I make two trips to Washington, D.C. every year to discuss MEP and manufacturing issues with the Wisconsin Congressional delegation. I’m just back from our spring trip and once again was reminded how surreal the situation can be and how much hard work it is to see everyone in two days.
We usually travel with two or three manufacturers and it’s always fun to introduce “newbies” to the process. Their initial reaction to the environment and their personal development during the visits are fun to watch. Each of their stories becomes more refined as they speak to Congressional delegates from across Wisconsin. At the end of the visits, I make it a point to ask what they found most exciting and what surprised them the most.
The reactions usually fall into one of two categories: Either the entire process impresses and amazes them or they become disillusioned by the way we run government. I can see both perspectives. I usually come home with a feeling of pride that we live in a country where each of us can petition the government and be heard. At the same time, the inertia and inability of smart people to post major accomplishments frustrates me.
In any case, it’s a valuable experience, regardless of you are or when you go. Seeing the process up close provides a unique perspective on what makes our republic work. Seeing the flow of citizens and their causes filling offices and hallways also inspires a sense of confidence in the system and our ability to make an impact. Finally, taking a stand and educating the delegation provides an appreciation for our democracy and what’s possible.
Everyone should go through the process at least once. There’s no more intense way to learn your civics than in the halls of Congress. If you go during the budget cycle, you will encounter thousands of people making their cases and representing their causes. You will be amazed at the complexity of the ecosystem and how it all fits together.
Engagement around that complexity makes learning essential. In order to make a strong case, you must know your issues cold. Really smart people fill Congressional staffs and they expect crisp, informed arguments and direct answers to their questions. You must also learn the legislative process and how Congress gets things done in order to take the right actions at the right time. The issues and the process taken together create a unique opportunity to learn how our country operates.
Most people come away with a better perspective on the public sector. Washington is always a place with multiple issues in play. Decisions tend to be much more complicated than in the private sector because those decisions can rarely be reduced to dollars and cents. As a result, competing priorities — almost all of them important and reasonable — line up for limited resources. Simple solutions usually don’t work in this environment. Effective action requires hard work, deep understanding of the relevant issues, and an appreciation for the interaction of the various forces at work.

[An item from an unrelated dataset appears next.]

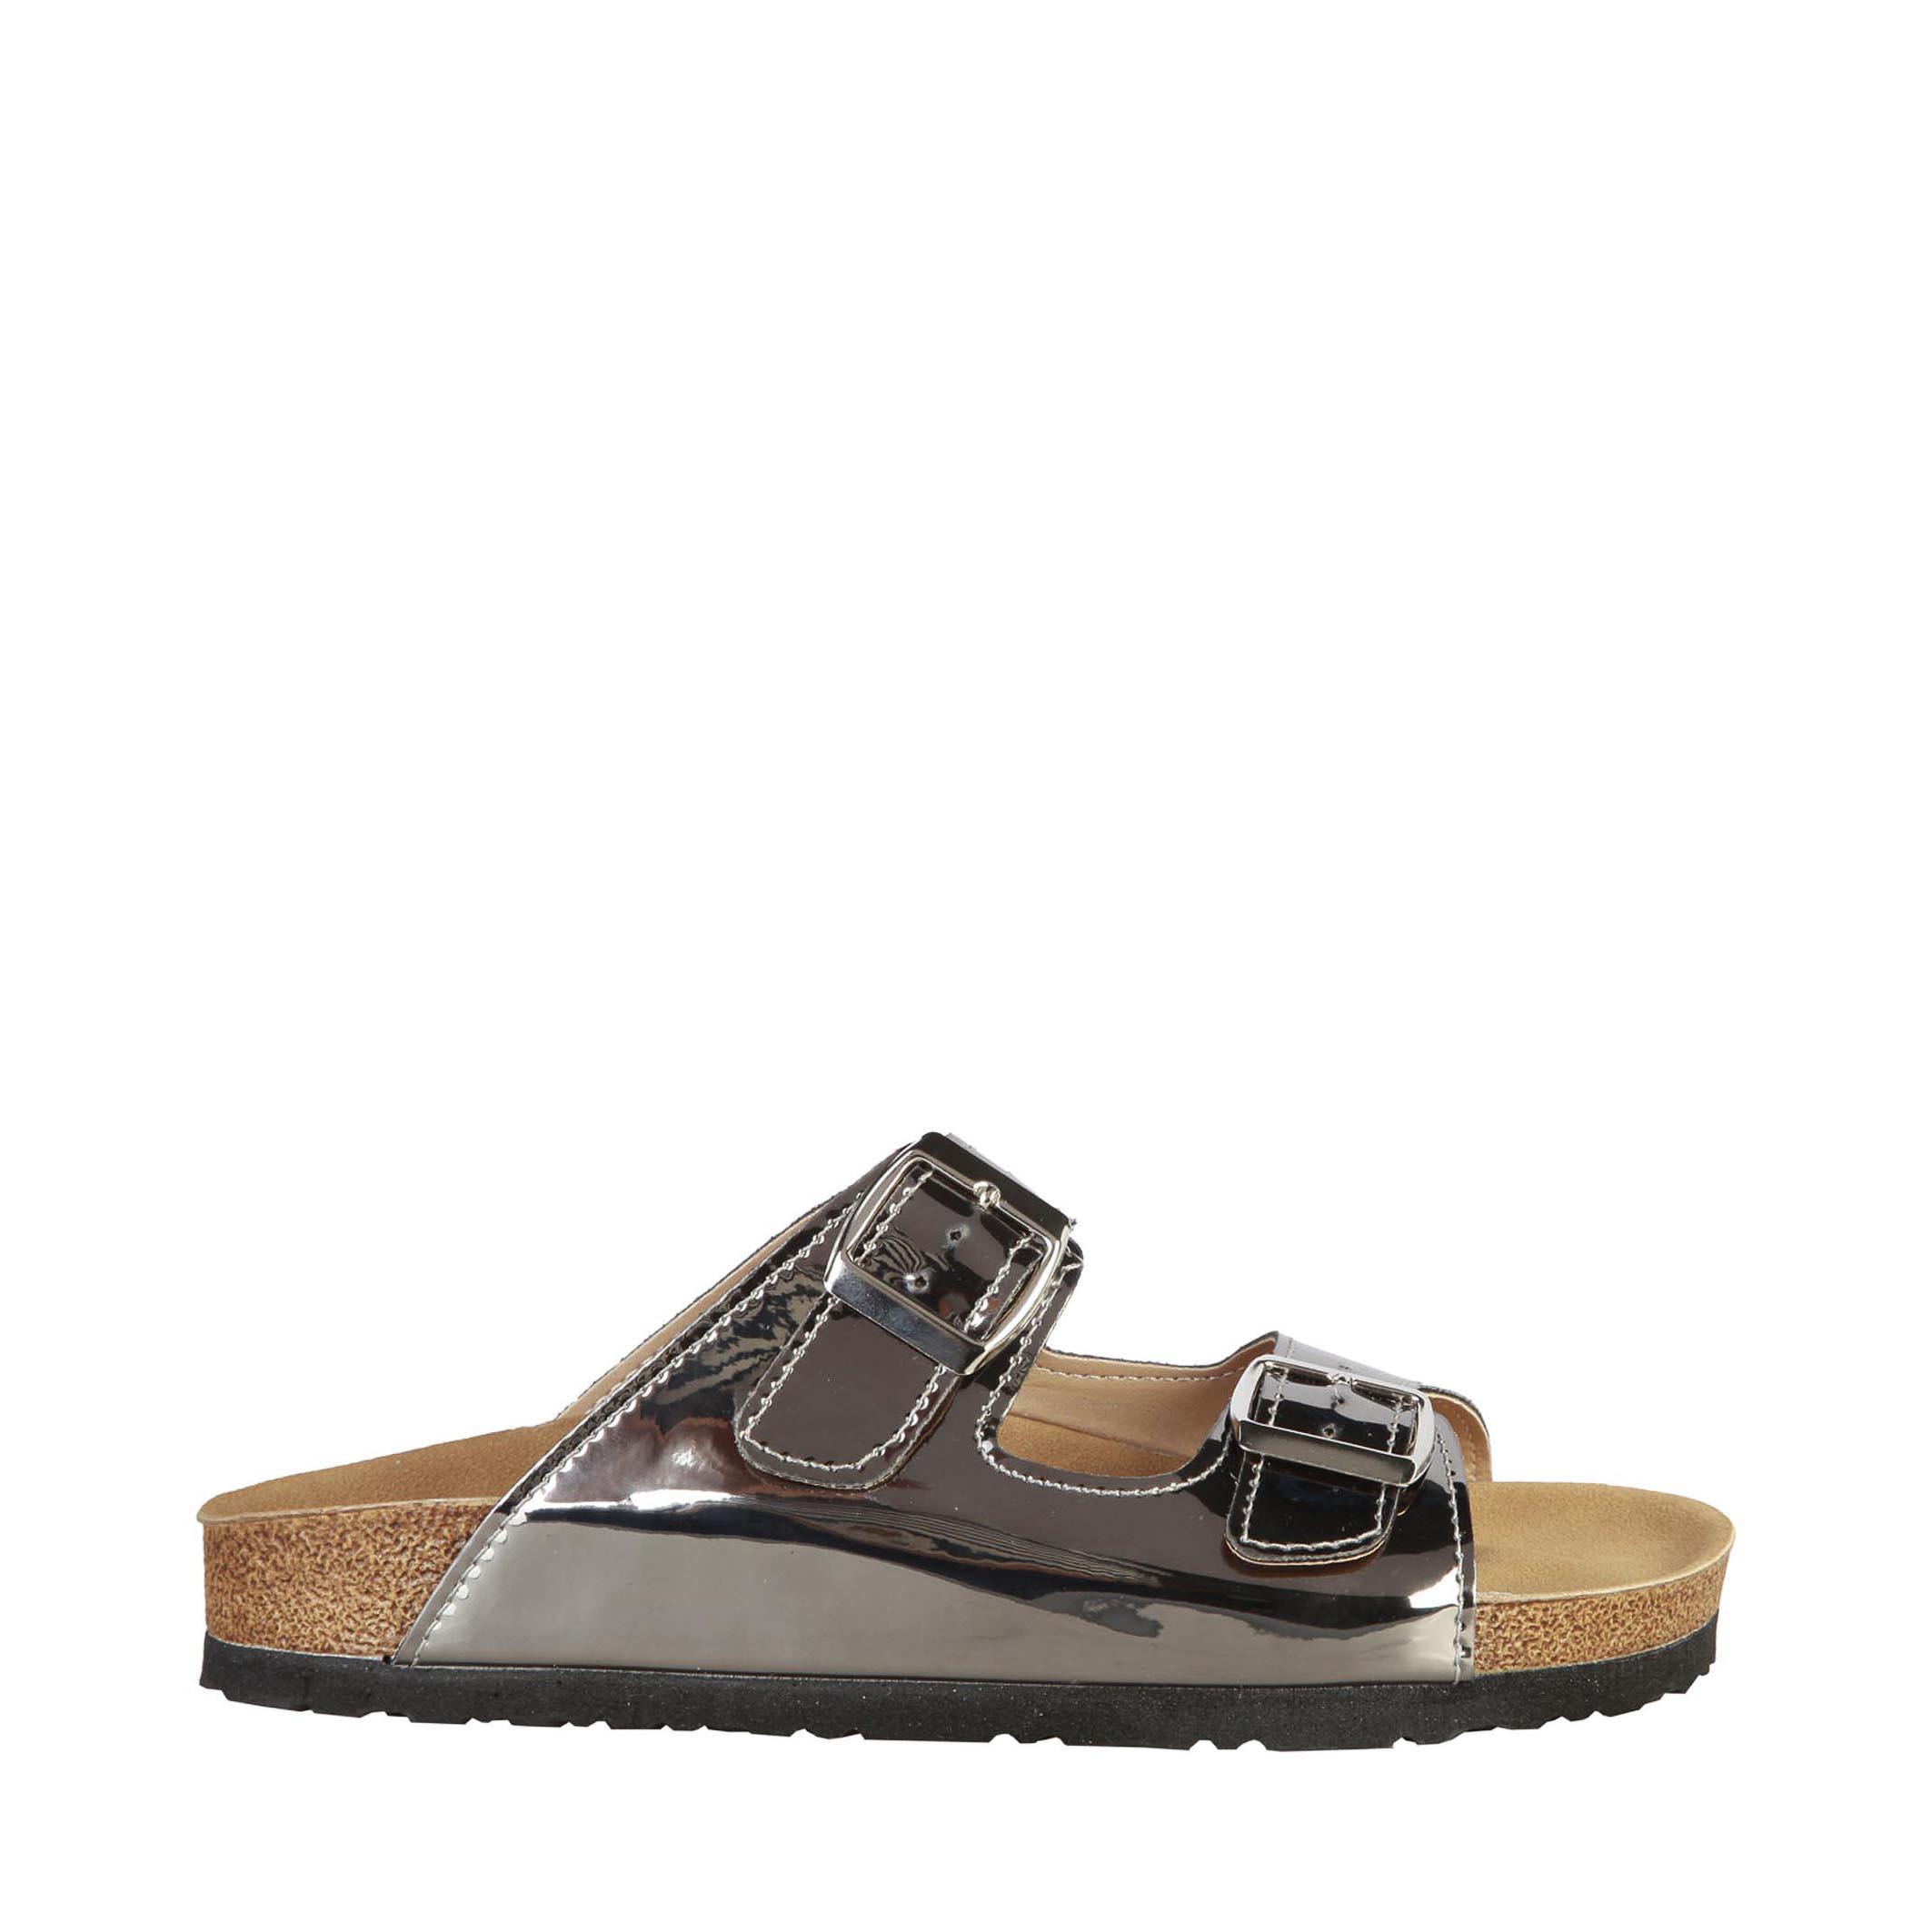 sandale ana lublin agneta antracite

Our future depends on informed, smart people engaging in effective ways. These leaders must be able to handle nuance in complicated environments and engage in civil discussions around emotionally charged topics. This leadership includes taking principled, inclusive positions to build the future by aligning people around meaningful and productive causes.
I encourage you to make a difference in your world. Find a cause — something you believe in and are willing to master. Schedule a trip to Washington and make your case to our delegation. Then bring what you learn back to your community, teach others about what you learned, your cause, and the process you engaged.
We can make a difference by acting together and engaging the system.